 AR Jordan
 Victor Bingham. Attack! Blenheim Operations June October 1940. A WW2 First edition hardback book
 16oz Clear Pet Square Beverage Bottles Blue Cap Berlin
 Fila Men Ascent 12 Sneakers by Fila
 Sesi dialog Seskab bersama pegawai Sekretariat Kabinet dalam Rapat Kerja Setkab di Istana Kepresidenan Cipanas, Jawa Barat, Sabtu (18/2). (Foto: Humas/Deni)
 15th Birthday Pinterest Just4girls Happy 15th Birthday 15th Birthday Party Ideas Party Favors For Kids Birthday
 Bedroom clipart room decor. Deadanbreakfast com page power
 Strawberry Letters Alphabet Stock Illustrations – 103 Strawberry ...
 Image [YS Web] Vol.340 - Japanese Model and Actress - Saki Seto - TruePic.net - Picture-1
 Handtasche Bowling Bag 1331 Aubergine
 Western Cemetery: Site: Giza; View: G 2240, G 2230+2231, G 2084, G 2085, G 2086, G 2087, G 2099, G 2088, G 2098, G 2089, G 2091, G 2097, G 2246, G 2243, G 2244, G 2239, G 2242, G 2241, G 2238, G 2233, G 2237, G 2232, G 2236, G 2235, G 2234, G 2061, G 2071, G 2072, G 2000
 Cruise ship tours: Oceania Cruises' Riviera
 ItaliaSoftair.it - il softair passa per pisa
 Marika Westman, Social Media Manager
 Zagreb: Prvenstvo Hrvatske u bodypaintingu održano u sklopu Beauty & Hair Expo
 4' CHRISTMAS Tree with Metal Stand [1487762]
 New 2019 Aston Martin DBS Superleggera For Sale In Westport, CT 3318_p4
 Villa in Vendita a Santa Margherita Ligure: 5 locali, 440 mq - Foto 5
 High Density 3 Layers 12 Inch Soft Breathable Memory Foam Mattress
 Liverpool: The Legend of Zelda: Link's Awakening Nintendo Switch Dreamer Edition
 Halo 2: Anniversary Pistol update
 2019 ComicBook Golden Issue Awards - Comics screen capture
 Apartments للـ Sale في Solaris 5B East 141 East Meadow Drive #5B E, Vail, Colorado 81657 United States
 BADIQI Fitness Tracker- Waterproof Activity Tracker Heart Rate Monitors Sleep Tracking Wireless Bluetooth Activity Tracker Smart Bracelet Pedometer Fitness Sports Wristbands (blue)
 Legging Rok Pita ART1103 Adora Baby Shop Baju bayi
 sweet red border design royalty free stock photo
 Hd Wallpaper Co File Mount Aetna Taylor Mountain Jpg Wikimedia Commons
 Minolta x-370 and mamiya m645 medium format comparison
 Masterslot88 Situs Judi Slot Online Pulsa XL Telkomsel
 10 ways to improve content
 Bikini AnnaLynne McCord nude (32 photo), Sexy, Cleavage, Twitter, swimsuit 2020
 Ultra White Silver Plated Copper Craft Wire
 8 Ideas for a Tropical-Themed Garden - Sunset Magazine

————

** DESCRIPTION OF THE TASK **
Everything from the line containing "Fila Men Ascent 12 Sneakers by Fila" through the line containing "Sesi dialog Seskab" in the material above should be retyped exactly, both ends included, and nothing more.

** TASK RESPONSE **
 Fila Men Ascent 12 Sneakers by Fila
 Sesi dialog Seskab bersama pegawai Sekretariat Kabinet dalam Rapat Kerja Setkab di Istana Kepresidenan Cipanas, Jawa Barat, Sabtu (18/2). (Foto: Humas/Deni)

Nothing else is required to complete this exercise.